Interview & Evaluation Perspective
Common Interview Questions
- ●
How would you design a vector store for a RAG system serving 10M documents?
- ●
What is the difference between HNSW and IVF indexing? When would you choose one over the other?
- ●
How do you handle embedding model upgrades when you have billions of indexed vectors?
- ●
Explain the recall-latency tradeoff in approximate nearest neighbor search.
- ●
How would you implement metadata filtering alongside vector search?
Key Points to Mention
- ●
Recall@k is the primary quality metric -- always quantify the recall you need before choosing an index type. Lead with numbers, not vibes.
- ●
HNSW provides the best recall-throughput tradeoff for most workloads but is memory-intensive (expect ~1.3x the raw vector size); IVF+PQ trades recall for memory efficiency (as low as 0.01x the raw size).
- ●
Distance metric must match the embedding model's training objective (cosine, dot product, or L2) -- this is a hard requirement, not a preference.
- ●
Blue-green re-indexing is the production pattern for embedding model upgrades. Never do in-place model swaps.
- ●
Pre-filtering vs. post-filtering has major implications for result quality and latency. Pre-filtering is almost always better but requires index support.
Pitfalls to Avoid
- ●
Claiming vector stores provide exact nearest neighbors -- they are approximate by design. The clue is in the name: Approximate Nearest Neighbor.
- ●
Ignoring the memory footprint: a naive flat index of 100M x 768-dim vectors requires ~300 GB of RAM. That's a $2,400/month (~INR 2 lakh/month) cloud instance just for the index.
- ●
Conflating the vector store with the entire retrieval pipeline -- it is one component, not the whole system. Always clarify the boundary.
- ●
Assuming one index type fits all workloads without discussing scale, latency, and recall requirements. HNSW is great, but it's not always the answer.
Senior-Level Expectation
A senior candidate should be able to discuss the full lifecycle: embedding model selection, chunking strategy, index type selection with quantitative justification (not just "I'd use HNSW"), metadata schema design, re-indexing strategy (blue-green with validation gates), monitoring (recall regression, latency P99, QPS headroom), and capacity planning (memory per vector, storage growth rate, cost projections). The ability to reason about cost-performance tradeoffs -- especially under budget constraints common in Indian startups -- separates senior engineers from mid-level ones.
Summary
Let's recap what we've covered:
-
A vector store is a purpose-built system for indexing, persisting, and querying high-dimensional embedding vectors using approximate nearest neighbor algorithms. It's the retrieval backbone of modern ML systems.
-
The core tradeoff is recall vs. throughput: every ANN index sacrifices exact accuracy for sub-linear query time. Tuning this balance -- not just once, but continuously -- is the primary operational concern.
-
HNSW dominates for its recall-throughput profile (5-10ms queries at 0.95+ recall). IVF+PQ is preferred when memory is constrained (4-16x compression). Both can be composed in systems like FAISS.
-
Always match the distance metric to the embedding model's training objective -- cosine, dot product, and L2 are not interchangeable. Getting this wrong is the #1 silent failure mode.
-
Vector stores own geometry, not semantics: retrieval quality is bounded by the upstream embedding model's representation quality. If your results are bad, look upstream first.

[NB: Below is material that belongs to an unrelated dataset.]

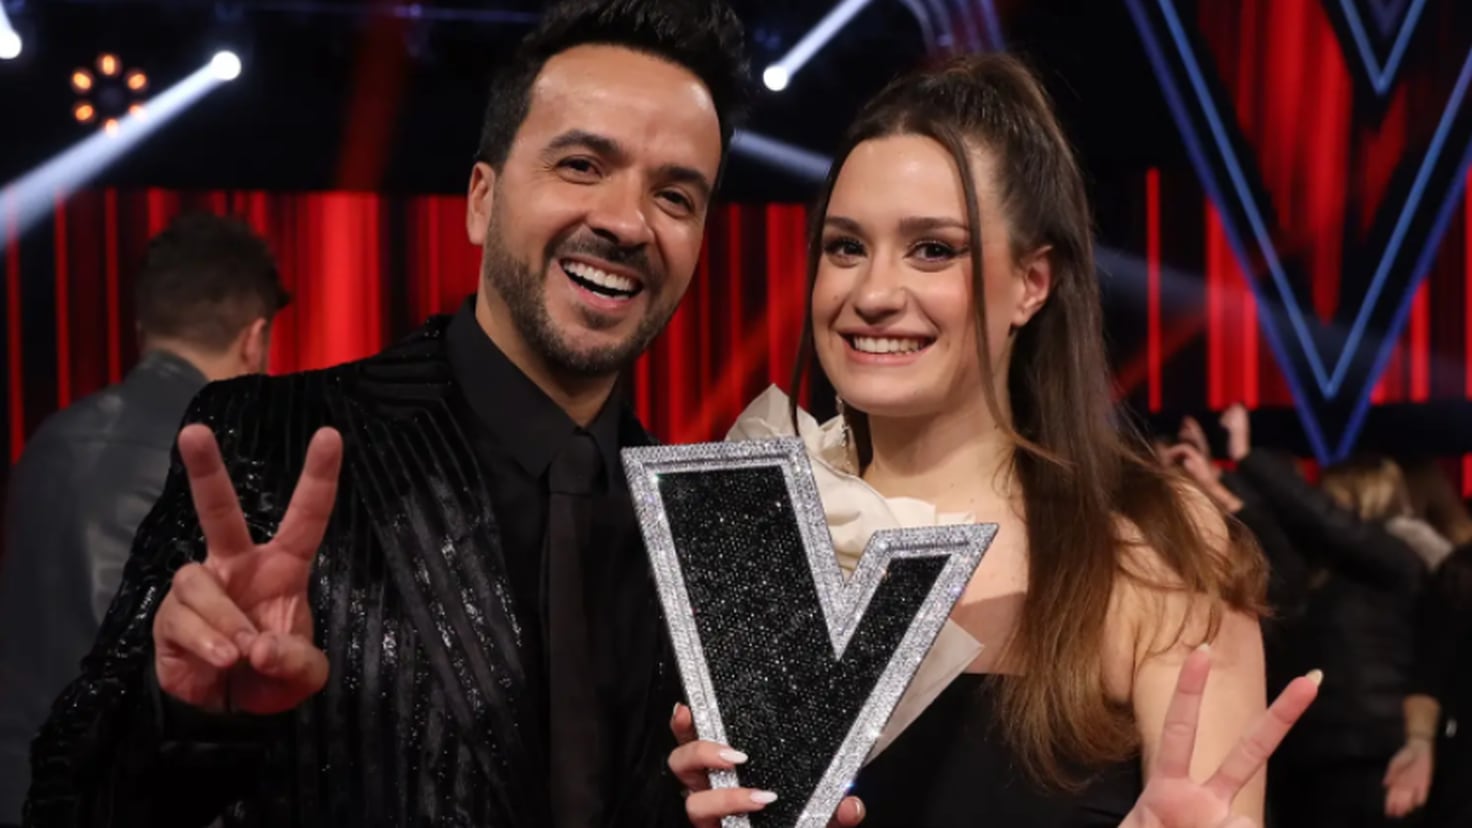 Elsa Tortonda: from participating in La Voz Kids and Got Talent, to winning La Voz with Luis Fonsi

A vector store is the bridge between learned representations and real-time retrieval. It enables ML systems to leverage dense embeddings at production scale by providing the indexing infrastructure that brute-force search simply cannot. Moving on to the next block in the pipeline, remember: the vector store determines the quality ceiling for everything downstream.